Um político no purgatório, por G. K. Chesterton

    

G. K.’s Weekly, 11 de abril de 1925    

   Quando os políticos rebaixam-se à questão da Igreja, até os jornalistas podem aspirar a isso. Sir William Joynson-Hicks, o Secretário de Assuntos Domésticos do atual governo, tem dirigido alguns comentários à uma multidão no Albert Hall; comentários sobre os quais preferiria comentar nesta coluna puramente pessoal. Pois nesta coluna, sou mais um colaborador do que um editor. Eu não comprometo nenhum dos meus colegas ou aliados nesta iniciativa com o que é, afinal de contas, um assunto da responsabilidade do indivíduo (altos aplausos protestantes, do Albert Hall).

O Secretário teria dito: “Não queremos interferência sacerdotal, não pedimos nenhum purgatório e não nos submeteremos a nenhum confessionário obrigatório”. A última cláusula desta declaração é especialmente um grande alívio para as nossas mentes. Não veremos mais nas ruas um policial agarrando um homem pelo seu colarinho e arrastando-o para o confessionário mais próximo. O nosso amor pela liberdade não ficará mais indignado com a sinistra caravana de camburões[2] carregando sua gangue diária de penitentes obrigatórios à Catedral de Westminster. Os principais pecadores sociais dos nossos tempos não serão mais vestidos à força em lençóis brancos e levados à porta do padre sob a ponta da lança. Tudo isso deve ser alterado agora; a confissão auricular não faz mais parte da Constituição Britânica, a ser aplicada com baionetas fixas. Deve ser deixada livremente à escolha e até mesmo ao capricho dos indivíduos, como todas as outras questões de opinião num Estado verdadeiramente moderno. Deve ser tão voluntária quanto a frequência a um determinado de escola pública é para os filhos dos pobres. Deve ser deixada tão livremente à escolha individual quanto a escolha de um plano de saúde para as classes trabalhadoras. Significa estar tão fora da lei quanto uma teoria médica específica sobre o poder curativo da varíola bovina. Deve ser tão completamente voluntário como a educação num estado moderno. Deve ser tão completamente livre como o serviço militar numa guerra moderna. O governo não sonhará mais em forçar um homem livre a confessar os seus pecados mais do que em forçá-lo a pagar os seus empregados ou a vacinar os seus filhos. Independentemente do que pensemos sobre aquele progresso protestante que conduziu ao estado moderno, todos sabemos, ao menos, que o estado moderno abandonou a ideia de compulsão em todos os departamentos.
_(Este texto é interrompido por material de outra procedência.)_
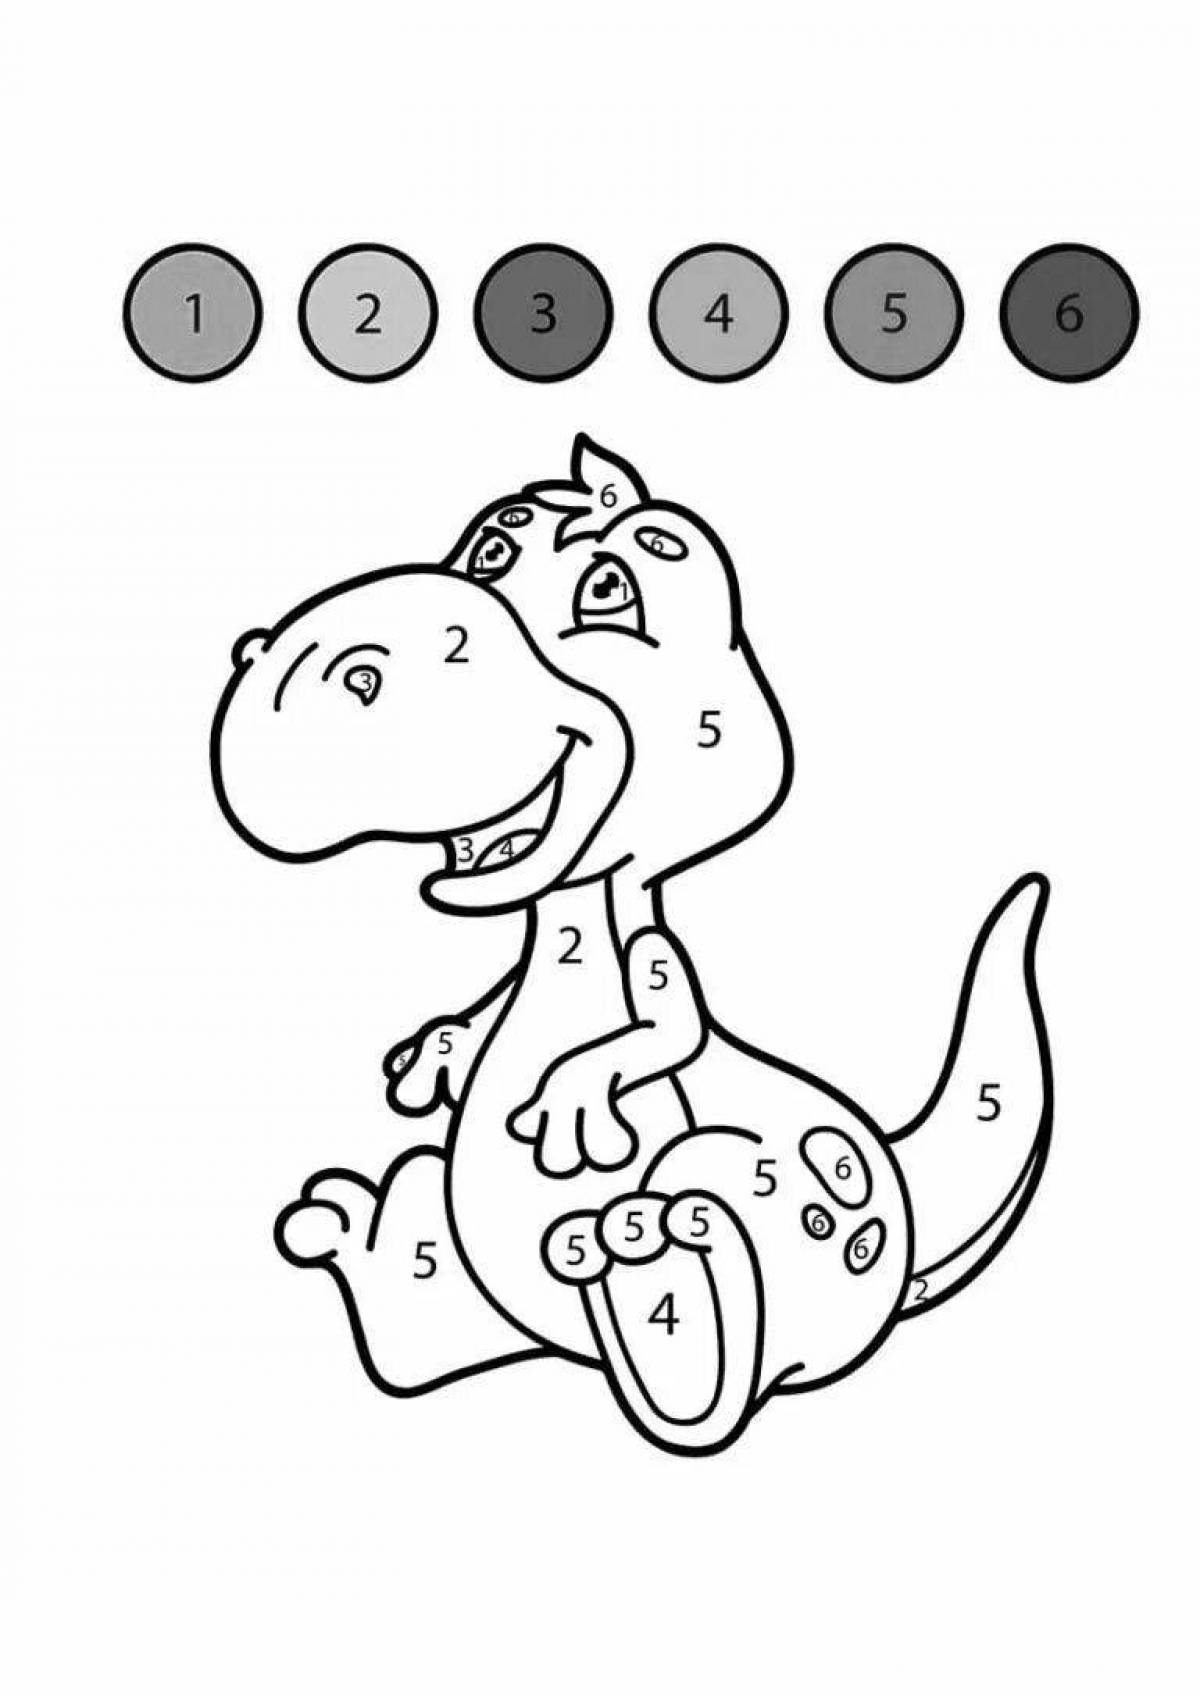 Dinosaur coloring by numbers shiny

Alguns até duvidaram que estabeleceríamos a Lei Seca.

Mas a passagem que me interessa, até mais do que a revogação de todas as Leis de Coerção que até agora impuseram o confessionário ao povo inglês, é a frase singular que me vem antes disso. Ponho de lado a frase “não queremos interferência sacerdotal” por ser um pouco fraca demais para conter muitos fios de pensamento; todavia, faço uma pausa na notável frase “não pedimos nenhum purgatório”. Não faço esta pausa meramente pela óbvia irreverência sobre o homem que foi além e se saiu pior, nem sequer pergunto a Sir William do que é que ele se sente tão seguro de que não precisará de nenhum estágio de transição. A inferência estritamente lógica, de um homem que não precisa de purgatório, é que ele não tem nada para ser eliminado ou que não deseja que nada seja eliminado, mas essas especulações espirituais não são da nossa conta. O que me interessa não é o estritamente religioso ou teológico, mas a atitude geralmente filosófica e lógica implícita em dizer aquelas estranhas palavras: “não pedimos nenhum purgatório”. Refiro-me à atitude, não tanto em relação à verdade teológica, mas em relação a qualquer verdade; à própria ideia de verdade. Parece implicar que quando Sir William chegar aos portões do Outro Mundo, São Pedro ou algum anjo bem treinado lhe dirá em voz ligeiramente baixa, à maneira de um mordomo bem-treinado: “O senhor exigiria um purgatório?”. Talvez um paralelo possa ser o ponto.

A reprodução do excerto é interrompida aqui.